Category Archives: Electric Baseboard Heaters

Electric baseboard heaters are zonal heaters controlled by thermostats located within each room of a commercial or residential space. Baseboard heaters contain electric heating elements encased in metal pipes. The pipes, surrounded by aluminum fins to aid heat transfer, run the length of the baseboard heater’s housing. As air within the heater is warmed, it rises into the room, and cooler air is drawn towards the bottom. Deelat’s baseboard heaters are made for durability and longevity, and can be easily installed.

Electric Baseboard Heaters: Tips for Buyers

When it comes to home heating, electric baseboard heaters are a popular choice.

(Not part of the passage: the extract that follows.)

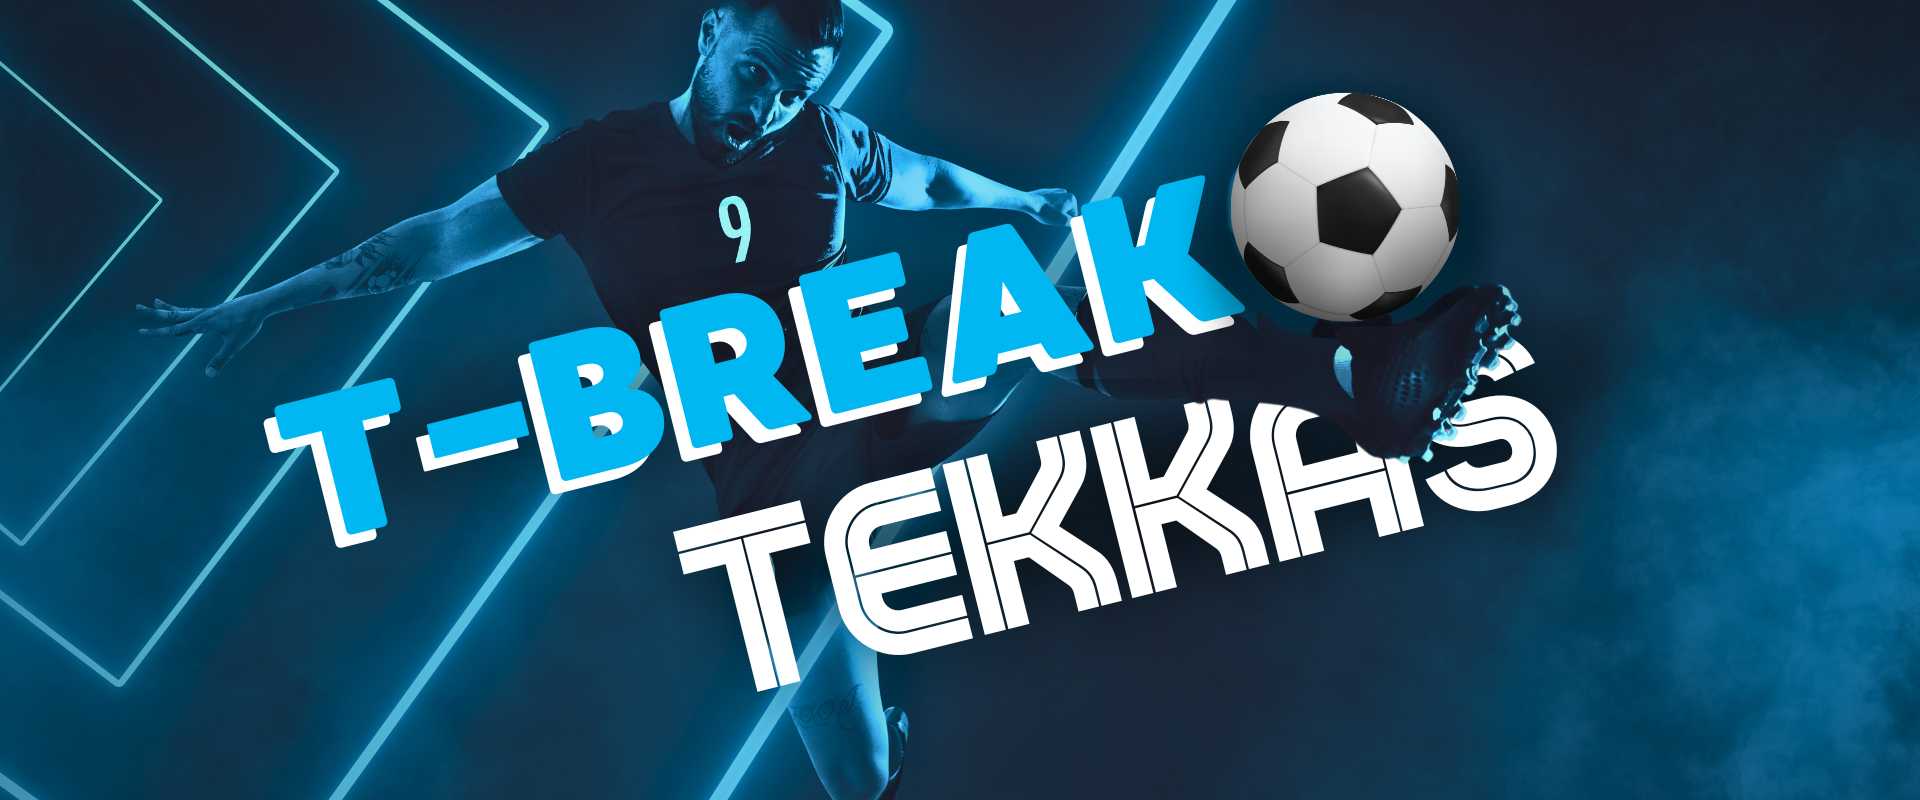 t-break tekkas

They’re cost-effective and attractive – blending in effortlessly with your room’s baseboards – and installation is often efficient and requires only basic electrical know-how.

Yet, not all styles and sizes of electric baseboard heaters are the same, and it’s important that you select the correct type of baseboard heater for your home. A heater with the wrong specifications can cause electrical damage, or more severe problems. This can easily be avoided by understanding baseboard heater basics.

First, you should consider the heater’s wattage, voltage, location in the room, and the number of heaters you will be installing in a room.  Understanding these four criteria is important, and it will help you purchase the correct heater.

Deelat Electric Baseboard Heater
Deelat Electric Baseboard Heater

Heater Wattage

The size of an electric baseboard heater is given in wattage, and this is one of the most important factors to consider when purchasing a new heater. For example, 1250-watt heaters are a common type, but there are a wide range of values from 500 up to 4,000 watts or more. You need to match the wattage of the heater to the size of the room. This will ensure that the heater can properly heat the entire room.

If you select something too small, you run the rise of not creating enough heat, and too big can result in overheating. A rule of thumb: Your heater should provide 10 to 12 watts per square foot. This depends on a variety of factors. Generally, newly constructed homes benefit from better insulation and energy efficient materials, and thus, the 10-watt per square foot mark works just fine. For rooms with high ceilings, lots of windows or rooms in older structures, the wattage per square foot should be closer to 12.

So if you had a room measuring 10×12.5 feet, or 125 square feet, you would select a heater in the range of 1250 to 1500 watts, depending on the room’s insulated value.

Traditional Electric Baseboard Heater
Traditional Electric Baseboard Heater

Understanding Heater Voltage

Like wattage, voltage is another important factor to consider when purchasing baseboard heaters. This is a measure that will require, at least, basic electrical knowledge, because you’ll need to match the heater’s voltage to the available voltage where you want to install it.

For instance, 120V and 240V systems are widely available, but they aren’t interchangeable. Using the incorrect voltage can damage the heater itself, especially with hydronic electrical heaters, and cause uneven heating. A 120V on a 240V outlet will only produce a quarter of the heat, while a 240V heater on an available 120V circuit could potentially fry the heating element.

If you’re unsure of the voltage your home can support, you should contact a licensed electrician who can answer that question. Generally, the larger the room, the more volts the heater will need, and for rooms greater than 150 square feet, a 240V and above heater is the way to go.

Installation: Location, Number of Heaters Being Installed

Larger rooms may require more than one heater for proper temperature control, and in most cases, additional heaters can be installed in one space. The biggest thing to consider in these cases is again matching the home’s available voltage, circuit space and amperage to that of the heaters. Generally, a 240V outlet will support two baseboard heaters.

Finally, baseboard heaters provide a ton of flexibility in setup, but there are a few rules that you’ll want to follow. First, choose a location without obstruction, which could include drapes, electrical wiring and carpeting. The carpet should not obstruct the bottom, air-intake of the heater. As far as location, baseboard heaters are often placed on an outside wall, as these walls often lose heat the fastest. This enables the coldest wall to heat first.